Specialised services allowed under the EU Regulation must come with their own capacity, separate from the Internet access service. They cannot undercut the average maximum bandwidth that the EU Regulation guarantees.

Paragraph 118 of the draft BEREC guidelines suggests that the delivery of specialised services could limit an individual end-user’s Internet access service capacity. This is not in line with Article 3(5) of the EU Regulation. It also contradicts the requirements for the provision of specialised services in paragraphs 113 and 117 of the draft guidelines.

Furthermore, the legislator clearly established its intention to ensure that end-user’s Internet access service capacity remains unaffected by the delivery of specialised services by modifying the wording accordingly during the negotiations. In these final negotiations on 6. July 2015, the legislator decided to delete the word “other” before “end-users” in Article 3(5). That final version of that article now establishes that specialised services cannot be usable or offered to the “detriment of the availability or general quality of Internet access services for end-users.”
Finally, paragraph 118 of the draft guidelines is not in line with Article 4(1)(d) of the Regulation (on transparency) nor with paragraphs 142 and 144 of the draft guidelines, as the average and maximum bandwidth agreed between the ISP and the end-user are no longer met.

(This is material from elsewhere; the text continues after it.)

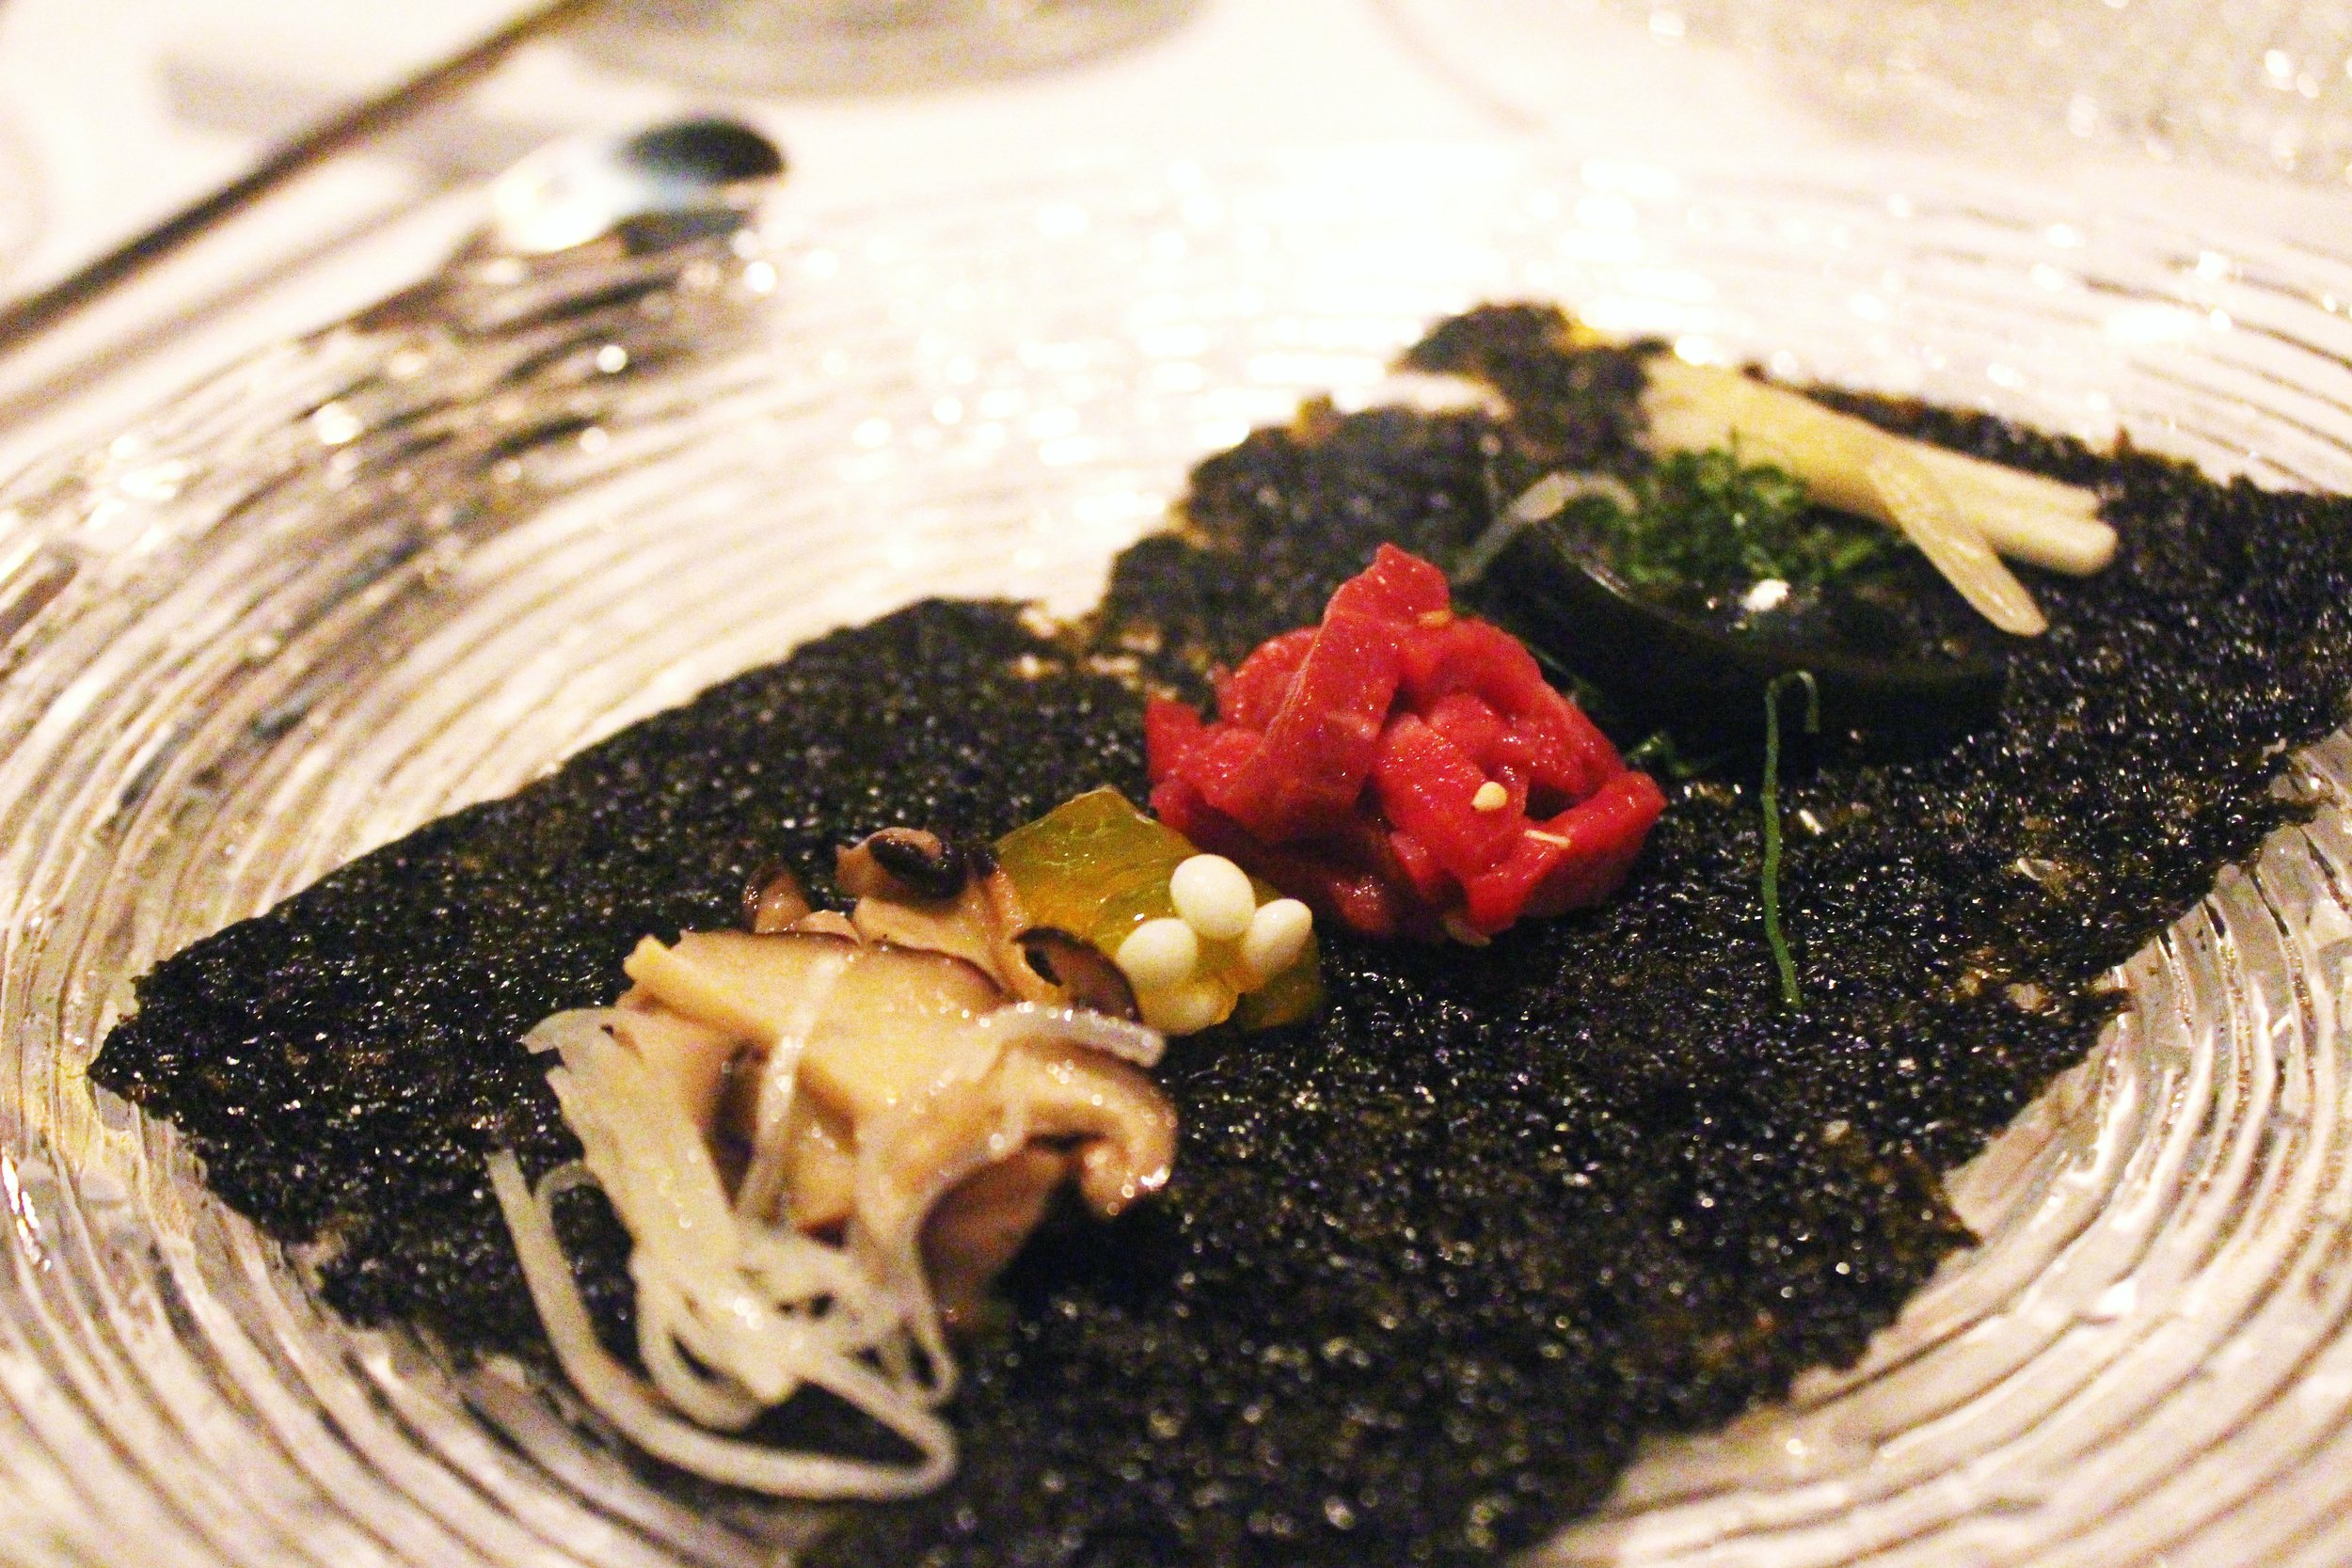 Gu Jeol Pan - Beef Tartare over Crispy Seaweed at Jungsik

The EU Regulation has very clear rules on what constitutes reasonable traffic management. According to its Article 3(3), all traffic management should be as application agnostic as possible. Every deviation from this rule, such as class-based traffic management, could harm competition by offering priority to some classes of applications, but not others, for example.

Class-based traffic management also harms applications and services that are misclassified, whether deliberately or not. This is a particular risk for traffic from small businesses or start-ups. Class-based traffic management also risks discriminating against encrypted and anonymised traffic, which could be throttled by ISPs. It also harms users whose needs for accessing a certain class of service differ from the ISP’s assumptions. Finally, the lack of transparency around this practice creates uncertainty about the performance of particular applications in any particular network. As with zero-rating, the complexity and ambiguity of this approach makes it more difficult for regulators to enforce it. Therefore, applying class-based traffic management instead of application agnostic traffic management is unnecessary, disproportionate, discriminatory and hinders transparency.
In light of these harms, paragraphs 54, 55, 57 and 63 of the draft guidelines are not yet fully in line with the EU Regulation. Article 3(3) subparagraph 2 clearly requires traffic management to be transparent, non-discriminatory and proportionate, in order to be deemed reasonable. Those conditions have to be read in the context of Article 3, to distinguish reasonable and unreasonable forms of traffic management measures.
Paragraph 63 of BEREC’s draft guidelines interpret “reasonable traffic management” in a way which is inconsistent with the legislator’s intentions. The draft guidelines would allow far too broad class-based traffic management measures. These would be based on the functionality of the service and protocol used, but it seems clear from recital 9 and the structure of Article 3(3) of the Regulation that the legislator only intended “reasonable measures” to be based on the Quality of Service requirements of traffic (classes for sensitivity to latency, jitter, packet loss and bandwidth).
According to the proportionality principle and paragraph 58 of the draft guidelines, all forms of user-controlled quality of service and consumption based traffic management should be applied and exhausted before more intrusive measures are taken. Therefore, BEREC should bring paragraphs 54, 55, 57 and 63 more clearly into line with the EU Regulation.